This is how Luxembourg will legalise recreational cannabis

26th November 2021

Earlier this year, Luxembourg’s government that the country would become the first in Europe to legalise the recreational use and possession of cannabis. New details of what the country’s new legal cannabis industry will look like.

According to a draft bill, adults will be able to purchase cannabis seeds from shops around the country. The government is also not planning to limit the number of cannabis seeds that an individual can acquire and possess, nor to provide for THC level thresholds in the seeds.

When it comes to personal consumption, it has already been reported that a household will be allowed to have up to four plants – all of them to be grown from seeds purchased in one of the future stores or online.

The government is emphasising that it’s four plants per household and not four plants per person.

It is also really important that while an adult will be able to grow their plants inside and outside of their home (balcony, terrace, garden, etc), the ban on consumption in public won’t be overruled. Furthermore, selling cannabis remains prohibited as well.

Meanwhile, Luxembourg is planning to change their law and impose a much lighter guideline for handling cannabis offences in the future.
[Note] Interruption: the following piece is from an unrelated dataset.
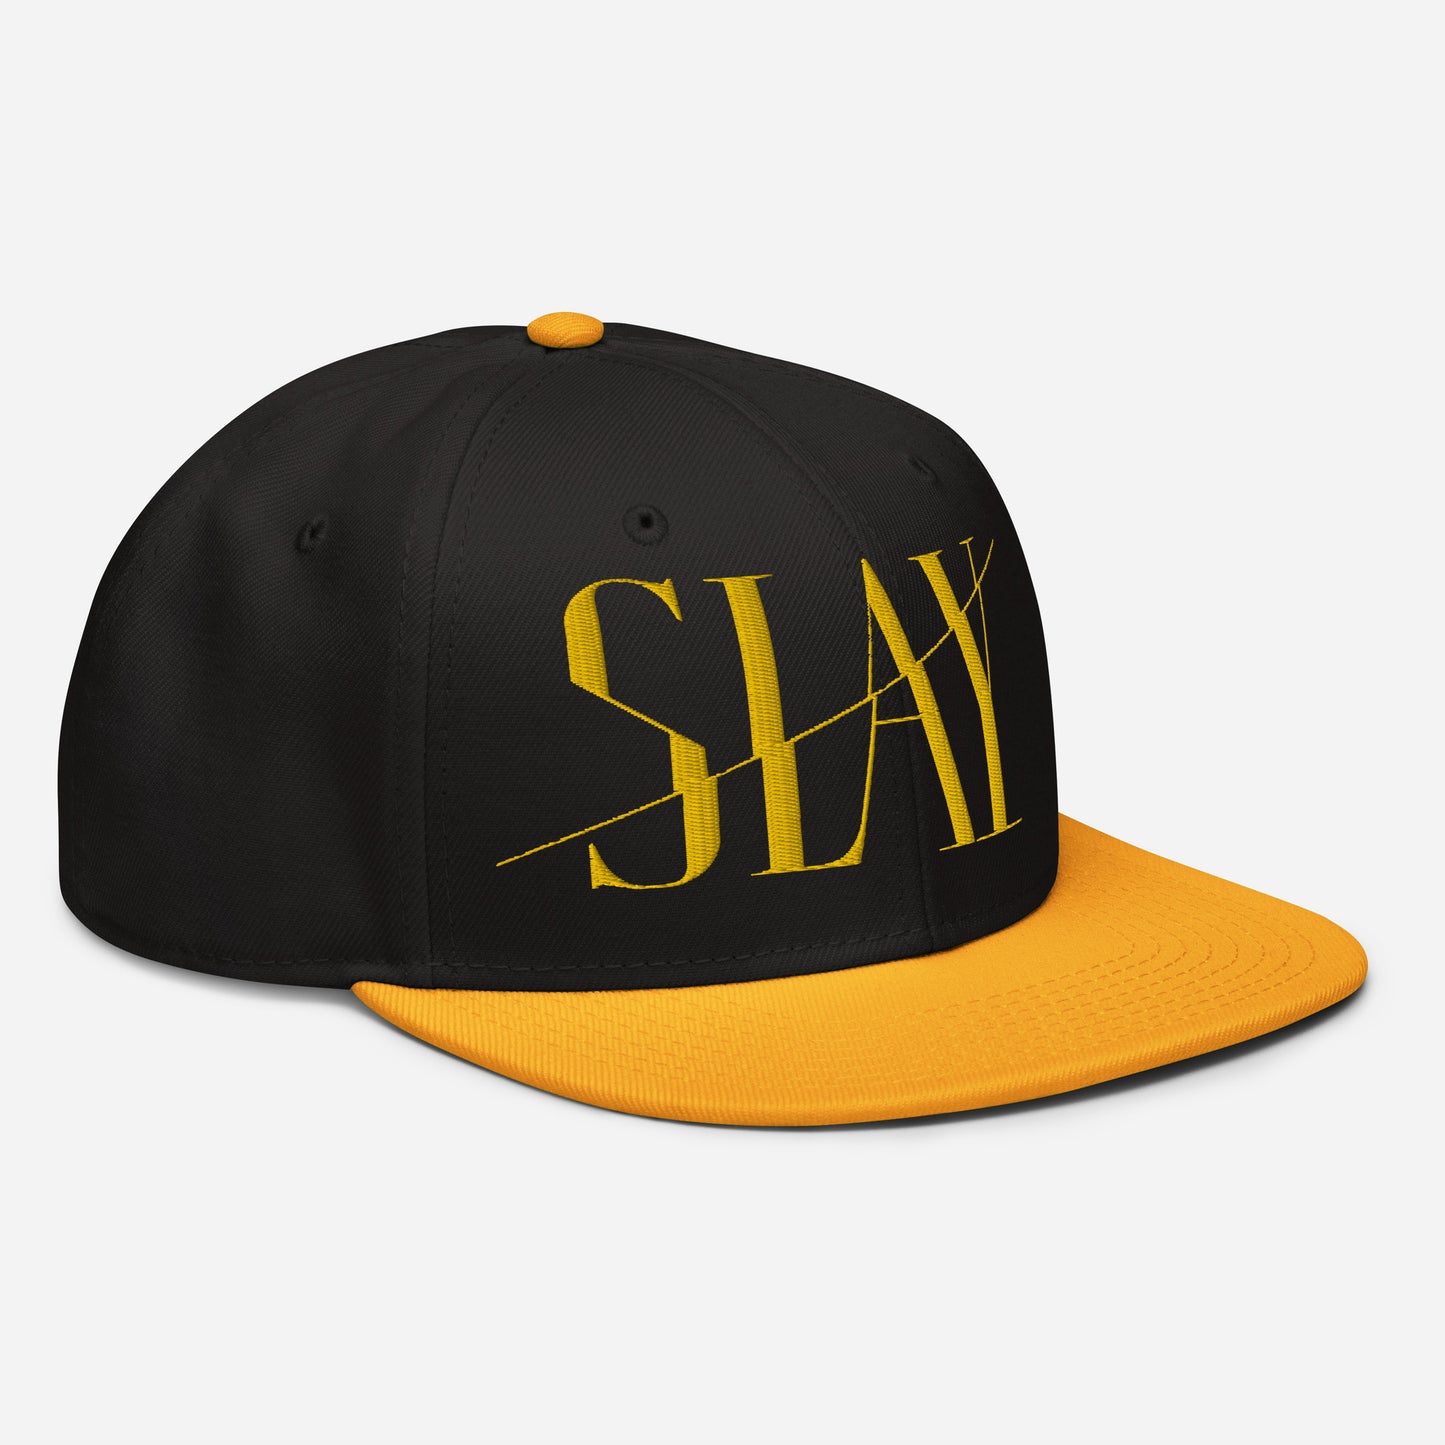 Side view of a black and yellow Snapback Hat with the word "SLAY" embroidered on the front.

For example, the fine for the consumption, possessing, and/or transportation of three grams or less of cannabis in public will be a fraction of the current amounts now in place.

Rather than handing out a ticket for between €251 and €2500, the fine for a cannabis offence will be between €25 and €500.

It is important though that above the three-gram threshold, the offender is considered a drug dealer.

Also, the zero-tolerance policy behind the wheel will not be changed – the penal sanctions for a road traffic offence will be between the imprisonment of eight days and three years, and also a fine of up to €10,000.

When it announced its new policy regarding recreational cannabis use, Luxembourg’s government revealed that the changes were due to the failure of prohibition in curbing the use, production, and supply of cannabis.

Possession and use of the drug were decriminalised back in 2001, and medical cannabis has been relatively accessible for many citizens since its legalisation in 2018.